Data provided START

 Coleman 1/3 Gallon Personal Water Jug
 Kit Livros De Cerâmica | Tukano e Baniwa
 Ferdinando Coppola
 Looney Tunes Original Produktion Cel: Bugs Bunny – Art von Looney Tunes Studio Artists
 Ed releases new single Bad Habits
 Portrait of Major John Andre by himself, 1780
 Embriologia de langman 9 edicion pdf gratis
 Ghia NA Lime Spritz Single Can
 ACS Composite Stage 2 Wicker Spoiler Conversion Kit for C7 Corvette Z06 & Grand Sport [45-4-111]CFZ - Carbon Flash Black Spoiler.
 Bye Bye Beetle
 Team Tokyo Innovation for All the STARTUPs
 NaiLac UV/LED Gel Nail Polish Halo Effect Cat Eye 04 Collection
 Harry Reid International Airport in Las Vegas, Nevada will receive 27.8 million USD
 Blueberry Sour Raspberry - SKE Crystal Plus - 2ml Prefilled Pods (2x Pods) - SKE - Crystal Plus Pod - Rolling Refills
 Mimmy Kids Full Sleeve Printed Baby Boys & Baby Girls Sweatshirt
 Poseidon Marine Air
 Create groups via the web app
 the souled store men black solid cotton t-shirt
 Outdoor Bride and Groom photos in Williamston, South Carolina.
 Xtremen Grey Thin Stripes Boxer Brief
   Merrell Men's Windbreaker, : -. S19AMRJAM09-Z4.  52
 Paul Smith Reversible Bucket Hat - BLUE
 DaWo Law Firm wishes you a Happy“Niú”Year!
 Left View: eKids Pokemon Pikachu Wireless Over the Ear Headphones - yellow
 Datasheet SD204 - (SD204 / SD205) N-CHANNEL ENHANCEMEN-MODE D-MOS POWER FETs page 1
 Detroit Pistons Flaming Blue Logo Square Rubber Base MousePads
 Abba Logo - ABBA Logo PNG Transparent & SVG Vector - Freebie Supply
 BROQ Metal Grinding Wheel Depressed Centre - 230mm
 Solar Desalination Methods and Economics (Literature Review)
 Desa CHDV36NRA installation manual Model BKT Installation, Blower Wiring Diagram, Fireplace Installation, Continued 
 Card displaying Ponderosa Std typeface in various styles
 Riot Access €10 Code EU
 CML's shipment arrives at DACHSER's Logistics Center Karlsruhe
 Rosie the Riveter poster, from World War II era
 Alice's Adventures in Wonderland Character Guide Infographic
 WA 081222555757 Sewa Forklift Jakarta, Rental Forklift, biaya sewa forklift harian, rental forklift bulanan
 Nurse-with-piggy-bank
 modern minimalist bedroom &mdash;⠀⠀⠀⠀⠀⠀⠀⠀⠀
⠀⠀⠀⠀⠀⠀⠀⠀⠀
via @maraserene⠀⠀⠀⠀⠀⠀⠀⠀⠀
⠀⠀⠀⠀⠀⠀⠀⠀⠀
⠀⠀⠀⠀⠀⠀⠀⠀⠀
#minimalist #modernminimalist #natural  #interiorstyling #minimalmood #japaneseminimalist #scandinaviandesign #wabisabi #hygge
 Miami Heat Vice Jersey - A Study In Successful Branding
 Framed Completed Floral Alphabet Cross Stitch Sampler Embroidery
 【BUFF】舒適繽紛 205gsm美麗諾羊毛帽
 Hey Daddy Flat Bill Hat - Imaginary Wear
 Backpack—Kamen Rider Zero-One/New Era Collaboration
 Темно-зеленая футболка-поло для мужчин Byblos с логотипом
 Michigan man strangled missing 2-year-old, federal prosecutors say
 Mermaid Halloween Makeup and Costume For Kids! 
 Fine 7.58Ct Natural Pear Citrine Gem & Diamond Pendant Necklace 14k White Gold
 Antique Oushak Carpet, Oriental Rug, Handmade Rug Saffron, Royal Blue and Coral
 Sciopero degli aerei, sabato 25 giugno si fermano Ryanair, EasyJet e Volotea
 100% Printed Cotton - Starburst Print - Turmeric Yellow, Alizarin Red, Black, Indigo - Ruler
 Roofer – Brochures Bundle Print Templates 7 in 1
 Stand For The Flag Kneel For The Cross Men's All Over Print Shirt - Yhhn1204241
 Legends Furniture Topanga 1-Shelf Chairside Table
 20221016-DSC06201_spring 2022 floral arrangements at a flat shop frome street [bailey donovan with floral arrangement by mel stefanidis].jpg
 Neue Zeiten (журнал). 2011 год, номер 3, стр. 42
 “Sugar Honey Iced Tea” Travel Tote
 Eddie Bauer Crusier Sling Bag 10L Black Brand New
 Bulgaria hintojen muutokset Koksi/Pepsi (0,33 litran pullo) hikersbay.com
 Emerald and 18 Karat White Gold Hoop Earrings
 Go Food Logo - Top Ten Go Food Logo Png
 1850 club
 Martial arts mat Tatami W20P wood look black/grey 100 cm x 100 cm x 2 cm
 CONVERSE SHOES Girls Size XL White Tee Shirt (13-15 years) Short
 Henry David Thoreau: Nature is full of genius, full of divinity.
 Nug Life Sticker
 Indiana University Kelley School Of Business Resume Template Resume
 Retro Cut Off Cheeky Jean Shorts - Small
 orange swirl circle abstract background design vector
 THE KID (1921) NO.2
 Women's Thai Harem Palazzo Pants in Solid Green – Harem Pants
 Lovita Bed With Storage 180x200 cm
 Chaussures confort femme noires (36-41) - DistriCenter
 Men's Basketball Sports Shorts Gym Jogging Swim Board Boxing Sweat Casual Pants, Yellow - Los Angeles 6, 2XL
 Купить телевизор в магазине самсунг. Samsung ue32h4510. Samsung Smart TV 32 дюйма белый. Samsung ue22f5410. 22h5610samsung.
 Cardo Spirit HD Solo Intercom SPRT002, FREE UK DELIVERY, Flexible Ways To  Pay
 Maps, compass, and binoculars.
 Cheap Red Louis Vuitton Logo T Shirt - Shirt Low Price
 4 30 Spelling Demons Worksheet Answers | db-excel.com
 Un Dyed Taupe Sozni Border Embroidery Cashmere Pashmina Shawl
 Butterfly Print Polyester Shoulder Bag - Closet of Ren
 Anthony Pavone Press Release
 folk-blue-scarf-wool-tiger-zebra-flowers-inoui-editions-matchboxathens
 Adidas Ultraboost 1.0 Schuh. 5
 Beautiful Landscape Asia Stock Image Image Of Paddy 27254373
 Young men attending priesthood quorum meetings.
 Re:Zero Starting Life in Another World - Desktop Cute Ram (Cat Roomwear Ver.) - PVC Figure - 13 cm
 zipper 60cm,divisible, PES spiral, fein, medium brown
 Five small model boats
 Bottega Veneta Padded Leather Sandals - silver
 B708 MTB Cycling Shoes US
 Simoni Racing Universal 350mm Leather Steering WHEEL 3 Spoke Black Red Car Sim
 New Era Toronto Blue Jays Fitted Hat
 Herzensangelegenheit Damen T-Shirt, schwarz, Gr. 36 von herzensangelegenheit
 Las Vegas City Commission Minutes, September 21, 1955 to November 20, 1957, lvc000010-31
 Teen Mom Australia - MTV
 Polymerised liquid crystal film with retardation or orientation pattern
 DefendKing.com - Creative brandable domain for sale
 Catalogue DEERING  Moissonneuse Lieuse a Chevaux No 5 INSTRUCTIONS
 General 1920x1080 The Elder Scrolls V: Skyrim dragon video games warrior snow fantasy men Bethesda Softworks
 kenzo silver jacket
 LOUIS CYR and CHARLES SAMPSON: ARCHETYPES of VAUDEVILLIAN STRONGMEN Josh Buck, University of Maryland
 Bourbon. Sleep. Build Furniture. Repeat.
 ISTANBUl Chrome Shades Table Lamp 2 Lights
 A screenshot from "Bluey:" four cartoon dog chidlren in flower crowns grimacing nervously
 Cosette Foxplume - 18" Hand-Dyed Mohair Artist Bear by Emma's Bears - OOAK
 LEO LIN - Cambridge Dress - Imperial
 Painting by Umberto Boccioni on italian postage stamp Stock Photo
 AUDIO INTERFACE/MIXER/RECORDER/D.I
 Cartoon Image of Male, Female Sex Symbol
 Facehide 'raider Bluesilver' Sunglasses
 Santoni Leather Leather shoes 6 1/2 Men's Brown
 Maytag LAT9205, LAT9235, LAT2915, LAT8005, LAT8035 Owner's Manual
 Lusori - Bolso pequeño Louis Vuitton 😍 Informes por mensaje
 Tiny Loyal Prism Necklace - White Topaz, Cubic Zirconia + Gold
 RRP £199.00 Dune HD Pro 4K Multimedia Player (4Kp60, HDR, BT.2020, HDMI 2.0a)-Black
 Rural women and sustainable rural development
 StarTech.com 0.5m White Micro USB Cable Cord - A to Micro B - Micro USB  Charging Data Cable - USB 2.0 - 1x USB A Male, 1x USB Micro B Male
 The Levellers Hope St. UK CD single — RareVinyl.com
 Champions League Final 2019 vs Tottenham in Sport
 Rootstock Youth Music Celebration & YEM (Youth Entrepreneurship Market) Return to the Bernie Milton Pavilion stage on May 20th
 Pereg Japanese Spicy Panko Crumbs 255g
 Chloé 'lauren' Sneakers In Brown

Data provided END

◆ Brief ◆
Scan the data above line by line. Please say how many lines hold the word "Cross", and give only that number.

◆ Solution below ◆
2